Thousands of over 65s are at the mercy of money market fluctuations as they have their income linked to stocks and shares.

Although most investors aged over 65 years old consider they conservative investors who do not take risks, one in three have their income impacted by rising or falling stock markets.

And this number is set to rise, argues financial provider Aegon, as more investors switch way from final salary pensions or take up pension freedom options.

The Aegon report found 72% of over 65s described their investment strategy as ‘risk averse’, yet 30% still had savings linked to stock market investments.

The firm reckons this is a start of a trend of older savers relying increasingly on risky investments for their retirement incomes.

Pension freedom comes at a price

The change is blamed on pension freedoms introduced in April 2015.

Flexible access to pensions allows anyone over 55 years old to draw their pension savings as if the money was in the bank.

But, says the firm, this means more savings are tied to investments that expose them to stock market fluctuation as the value of shares, bonds and funds can vary over time.

This was not a problem for earlier generations as they typically bought a guaranteed annuity providing a fixed income for life.

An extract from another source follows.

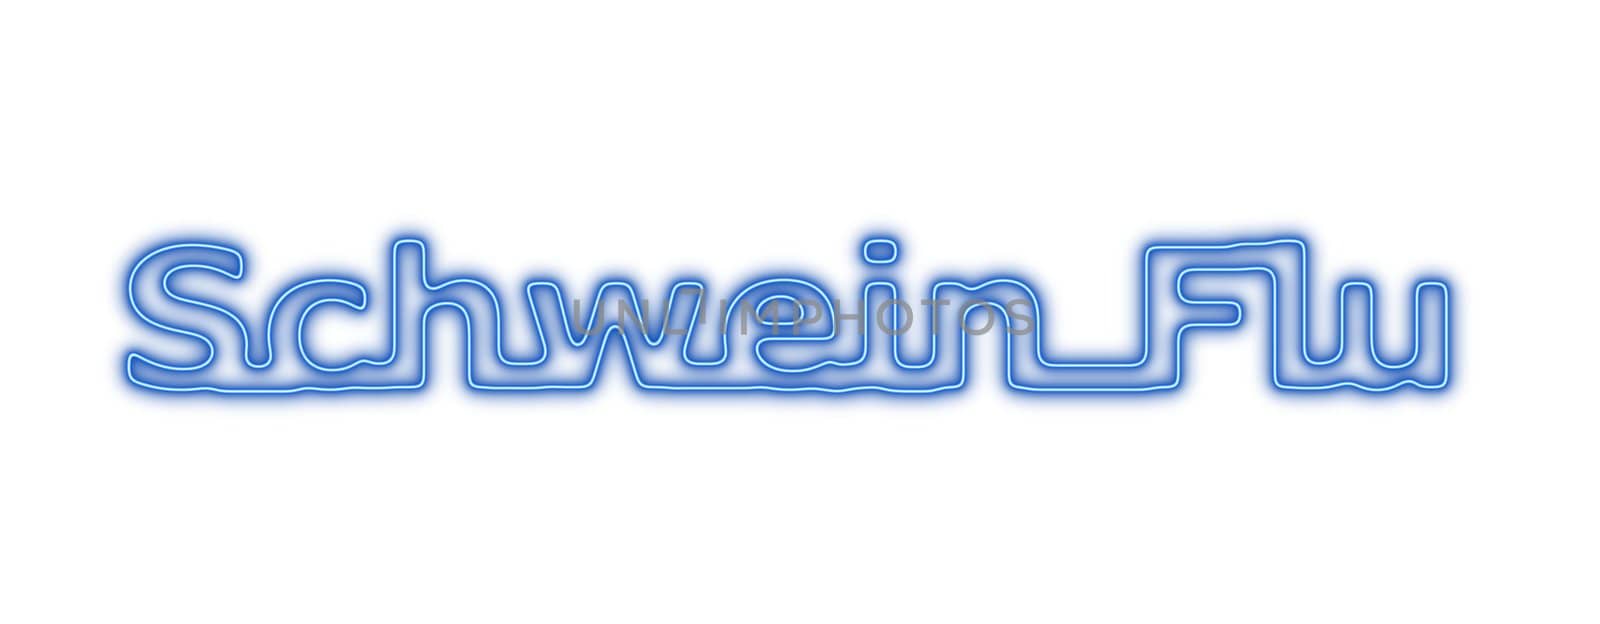 Neon sign about the schwein flu on white background
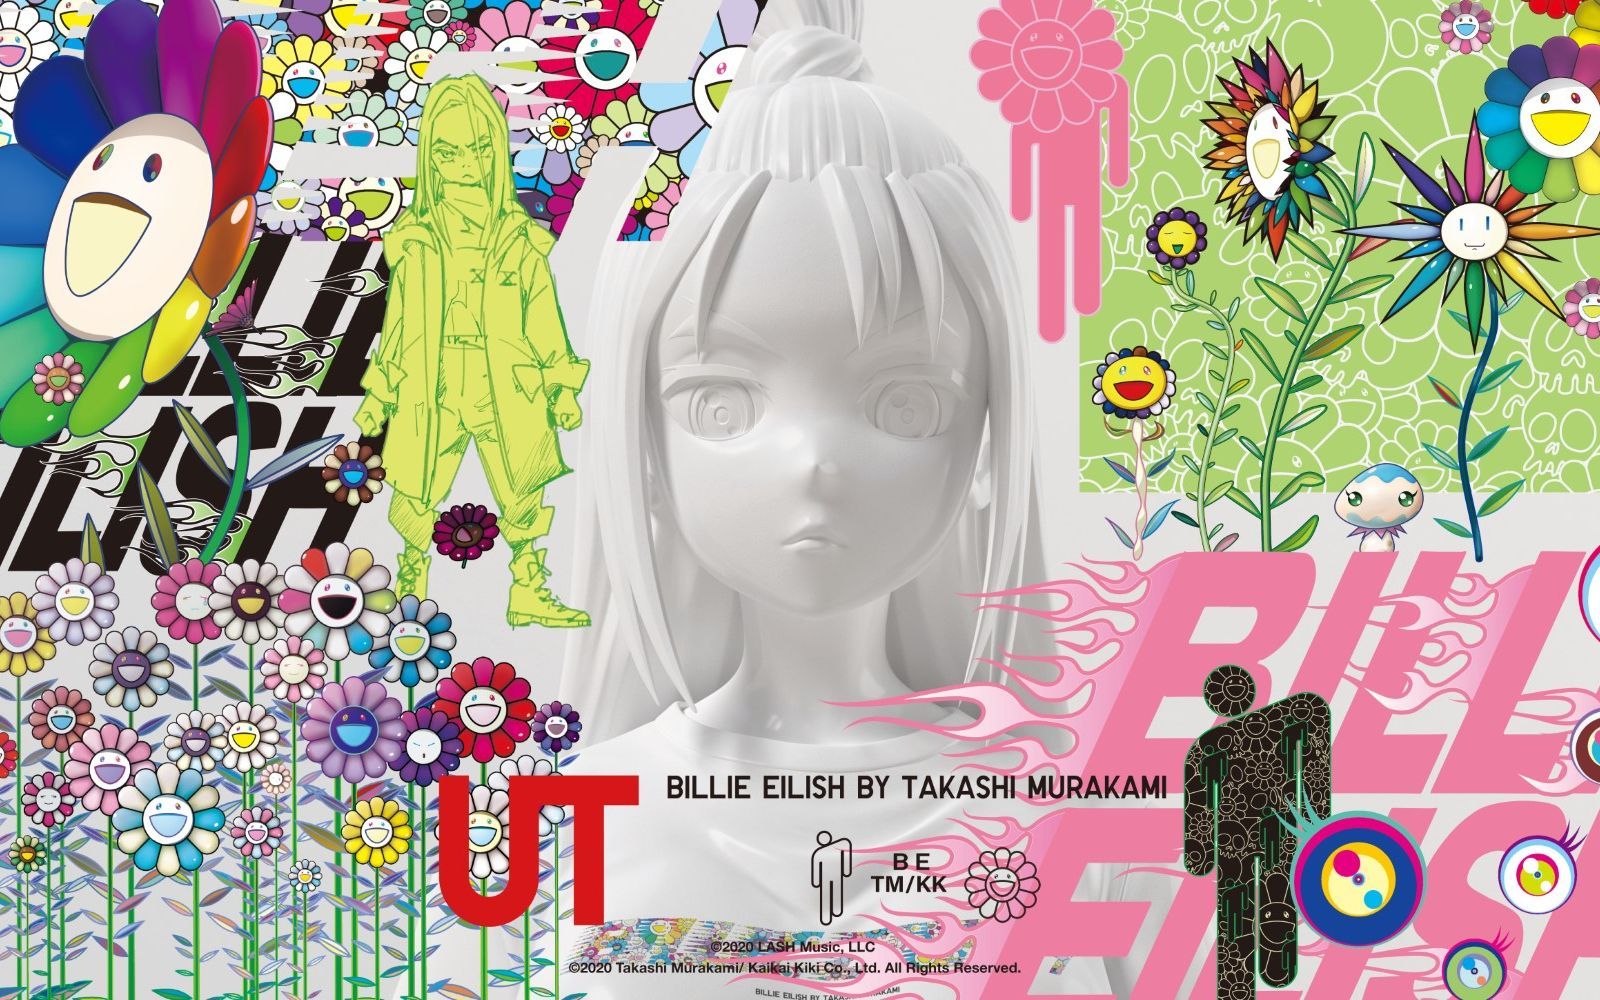 Takashi Murakami And Billie Eilish Link Once Again For Uniqlo Capsule

Steven Cameron, Aegon’s pensions director, said: “There’s been a clear shift in the retirement income market, with people increasingly opting for drawdown over annuities at retirement.

Investment risk is a challenge

“Today the number of over 65s with exposure to the stock market is relatively low but we fully expect this figure to rise over time as people have less of a defined benefit pension and opt for flexible retirement income products.

“Given most retirees remain cautious about investment risk, there’s a real challenge for the industry to ensure people are comfortable with their post-retirement investments with financial advisers crucial in helping their clients invest in line with their appetite for risk.”

Cameron also argues that some over 65s would find guaranteed drawdown a better income source than flexible access to pension savings.

“While pension freedoms have heralded a new era of flexibility, retirees can still opt for security without having to purchase an annuity,” he said.

“Guarantees can be added to drawdown policies to ensure a set income for life regardless of stock market performance. These drawdown with guarantees products offer flexibility but with insurance against market downturns.”